Он фыркнул и пошел к своей машине, бросив через плечо:
– Готовьте трос.
И Соня поскакала к «опелю», недавно заменившему ее надежные, но отжившие свой век «Жигули», все время оглядываясь, словно боясь, что чудесный спаситель вот-вот уедет, оставив ее одну. Но он не обманул ее ожидания и сам полез цеплять трос, а она суетилась вокруг, пытаясь помочь, и он сердито шикал, отгоняя ее, словно бестолковую наседку, путающуюся под ногами.
Но едва он тронул машину, а трос дернулся и натянулся и Соня вознесла Господу благодарственную молитву, как треклятый крючок вырвался с мясом, ни дна ему, ни покрышки. И крючок, и железяка, на которой он, видимо, крепился, и еще что-то фанфарами громыхнуло по обледенелому покрытию стоянки.

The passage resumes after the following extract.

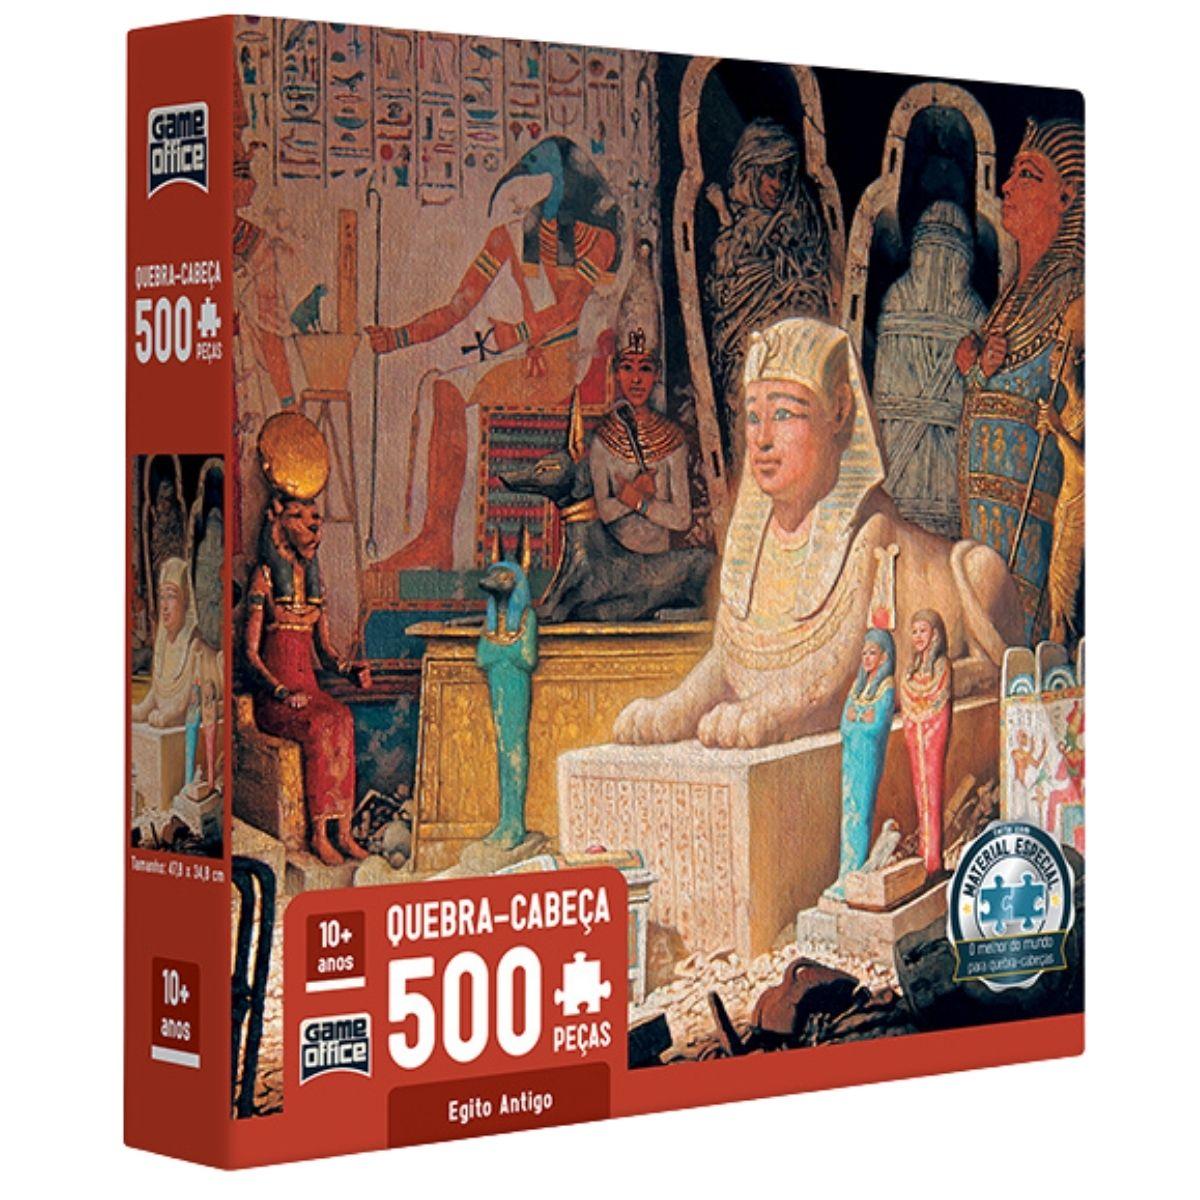 Quebra Cabeça com 500 peças - Egito Antigo - Toyster   - Game Land Brinquedos

Соня немедленно впала в транс, из которого ее вывел несостоявшийся спаситель.
– На какой помойке вы нашли эту рухлядь? – раздраженно осведомился он, распахивая дверь с ее стороны.
– Никакая это не рухлядь, – заступилась Соня за верного, но слегка проржавевшего коня. – Нечего было дергаться, как эпилептик. Тронулись бы плавно, так не оторвали бы мне крючок!
– Я ничего вам не отрывал! – возмутился незнакомец. – Следить надо лучше за своими крючками, чтобы они у вас не отрывались!
– Совет, как я понимаю, выстрадан на личном горьком опыте, связанном с утратой собственного крючка…
– Счастливо оставаться! – сердечно пожелал он, неторопливо направляясь к своей машине и даже, кажется, насвистывая что-то лирическое.
– Постойте! – заволновалась Соня. – Вы не можете просто так меня оставить!
– Неужели? – Он даже не обернулся, продолжая шагать в заданном направлении, а она собачонкой трусила сбоку, просительно заглядывая ему в лицо. – И что, по-вашему, может меня удержать? Моральный кодекс строителя коммунизма?
– Вы же мужчина!
– Да какой уж там мужчина… без крючка?
Крыть было нечем.
– Ну, чего вы там стоите, как воплощенная скорбь? Запирайте свою таратайку, и поехали.
И в этот момент она увидела, как на стоянку торопливо зашел Даник, направляясь к своей машине, и притормозил, заметив ее, приостановился в явном замешательстве.
– Ура-а!!! – истерически крикнула Соня и пала на грудь незнакомца. Обхватила ладонями его щеки и смачно поцеловала в холодные губы. – Поехали!
– Вы машину-то закройте…
– Да черт с ней, с машиной! – разухабисто отмахнулась Соня и впорхнула в шикарный «лексус».
Лицо Даника проплыло перед глазами, когда они медленно выезжали со стоянки. И очень оно ей понравилось, это лицо. Ну просто очень.
Впрочем, спутник тоже выглядел весьма обескураженным.
– Извините, – повернулась к нему Соня. – Вы, наверное, сочли меня сумасшедшей. Это был спектакль… для одного зрителя.
– Я так и понял.
– Меня зовут Соня.
– Гусев, – кратко представился новый знакомый.
– Случайно, не Арнольд? – засмеялась она.
– Если только случайно. А у вас есть знакомый Арнольд Гусев?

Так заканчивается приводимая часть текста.